Another remarkable work with a focus on video-based localisation is done by Wang et al. [65]. They rely on probabilistic inference, an approach which could certainly improve ViTroVo’s greedy localisation (outlined in Algorithm 2). Moreover, Wang et al. assume some additional information to the component’s virtual models. Their so-called part-interaction rules are extremely similar to the Augmented Computer Aided Design (CAD+) connection points/groups that will be used in our work (see Section 5). Our models, however, expect additional information (reported in Table 1), as they are used in different ways by different processes.

Table 1 ViTroVo’s CAD+ Models and Virtual Environment key-properties

In order to provide appropriate guidance to the human operator using instructions, the progress of the assembly needs to be monitored. Most practically, this is done using a video-based system. This requires functionalities to analyse the video-stream, captured by a camera above the assembly table, to determine the assembly stage. Essential for such a system is to recognise and localise the components in view. Deep learning models are superior in performing such visual tasks, albeit that training such models typically requires large sets of manually annotated ground truth data. Such an annotation effort is not only very time consuming, it is also not available for our current use case. A promising approach to circumvent manual annotation is through the use of automatically generated labelled data using simulation. In a virtual environment, images can be captured from simulated scenes which are representative for the real world. This provides an automated process for the fully controlled generation of large amounts of labelled data. However, such approach is not sufficient to let a neural network operate on real-world images. This is due to the “reality gap” between the simulated environment and the real world [62]. Various techniques are developed to bridge this gap, such as photorealistic simulations [24], domain randomisation [62, 63] and structured domain randomisation [49].
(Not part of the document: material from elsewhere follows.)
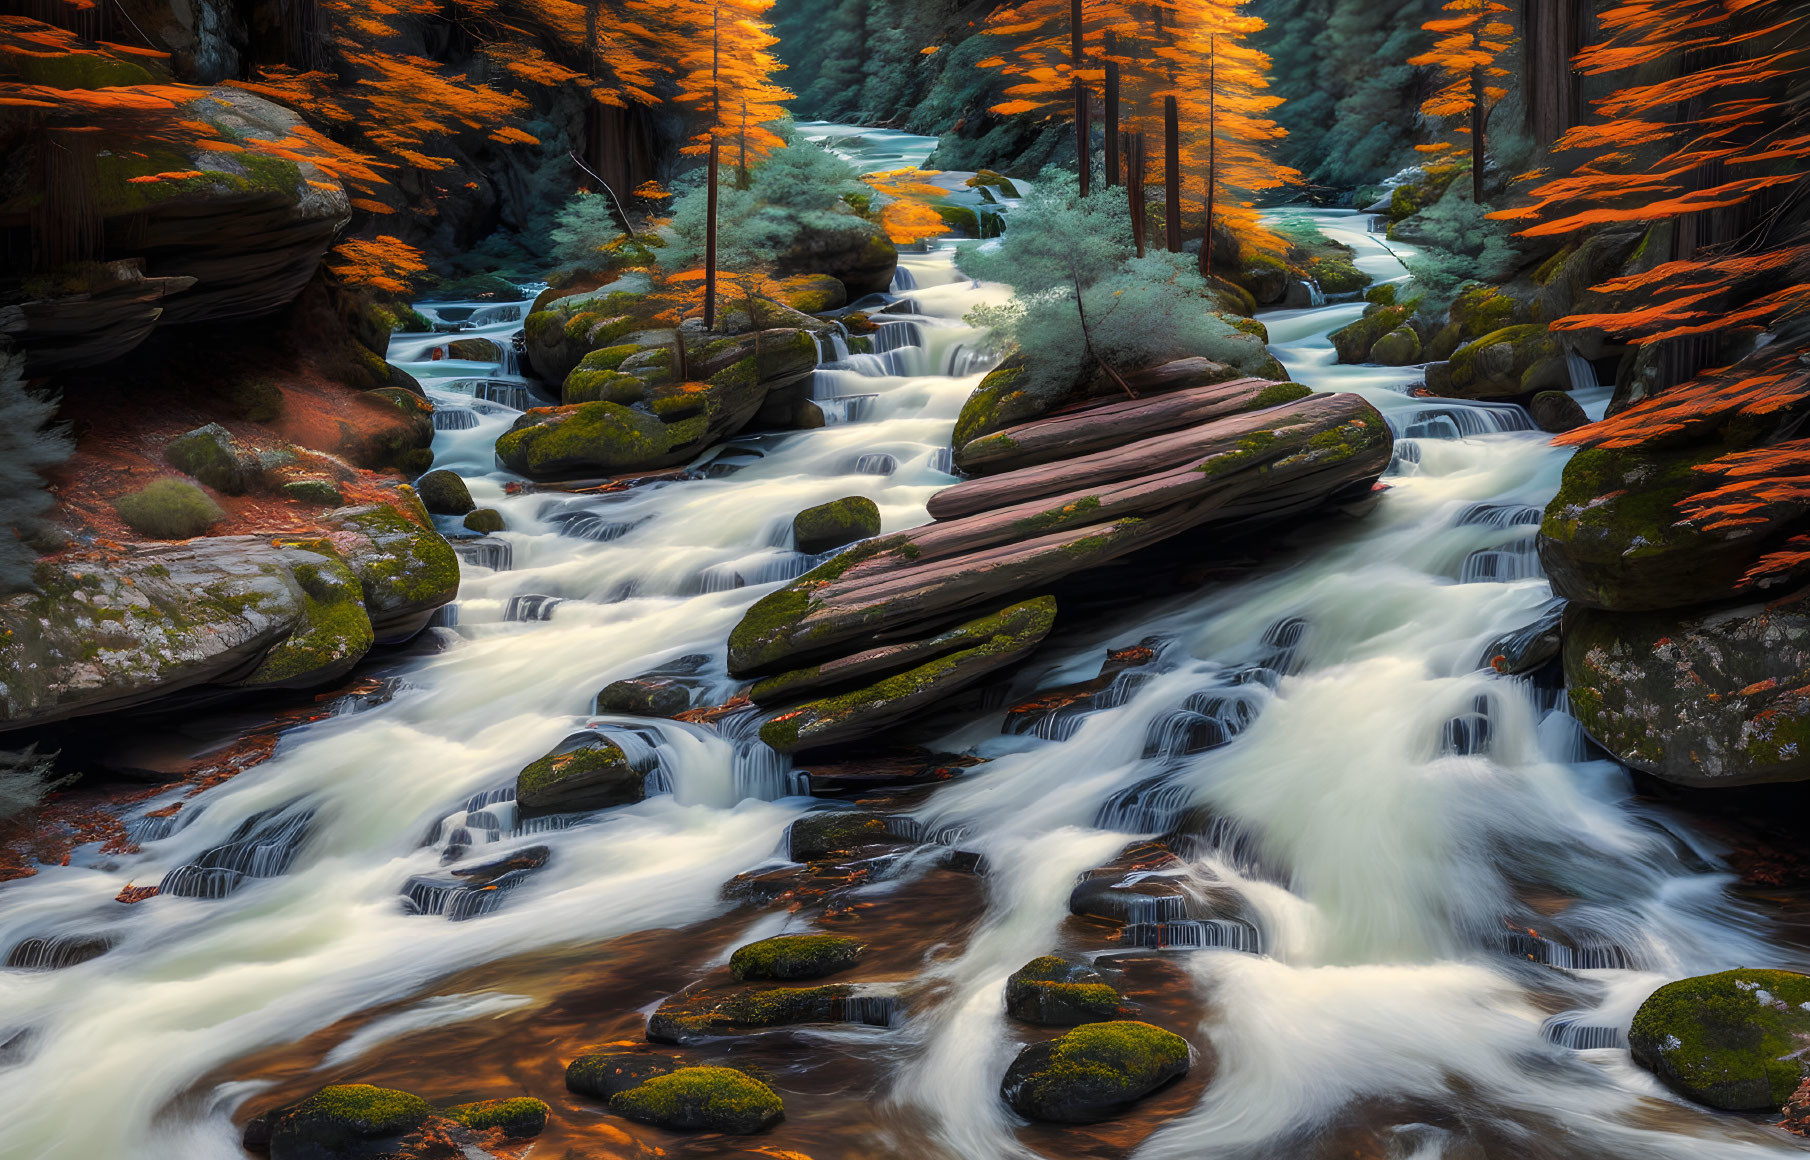 Tranquil river scene with autumn foliage, rushing waters, moss-covered rocks, and towering trees.

Photorealistic simulations aim to bring the simulated environment as close to the real world as possible. Domain randomisation focuses on generating simulated scenes using highly randomised parameters (e.g. positioning, orientation, lighting, colour, texture). By varying over these parameters and rendering non-realistic images, the neural network is trained to become invariant of these variations and only learn essential features which would transfer to the real world, hence enforcing domain invariance. Structured domain randomisation aims to leverage the benefits of both realistic simulations and randomisation, by only randomising parameters within realistic ranges which take into account the structure and context of a scene. This method outperforms domain randomisation and can achieve performances closer to those obtained after trained on real-world data, albeit at the cost of higher simulation complexity and efforts [49].

3 The ViTroVo framework

The overall architecture of ViTroVo is presented in Fig. 1. The framework bridges the customer’s Product Ideation phase with her Final Product. It does that by transitioning from a purely virtual phase — hereafter called in vitro — during which all data and computational modules are generated, to a physical phase — hereafter called in vivo — in which a human operator is guided throughout the actual assembly task.

Fig. 1
figure 1

The schematic representation of ViTroVo. The framework is presented with a left-to-right information/processing flow and an indicative timeline, so that concurrent processes and dependencies can easily be observed. Since the CAD+ models and the Virtual Environment are used throughout the whole manufacturing journey, albeit in different configurations, their link with other processes is represented by, respectively, the circle and rhombus symbols. Round-edge square items correspond to data and models; sharp-edge square items to processes. The two in vitro and in vivo phases are also outlined. The details of Assembly Search, Assembly Stage Detector Preparation and Adaptive Operator Guidance can be found, respectively, in Figs. 611 and 14

The two maximum common divisors for the ideation, in vitro and in vivo phases correspond to the customised product’s component models and a Virtual Environment. The former, which we will hereafter refer to as Augmented Computer Aided Design (CAD+) models, represent components with different configurations, so that each process can utilise them at best. The latter is the tool processes leverage to ad hoc manipulate CAD+ models. Currently, our framework relies on the Unity Software suite [61].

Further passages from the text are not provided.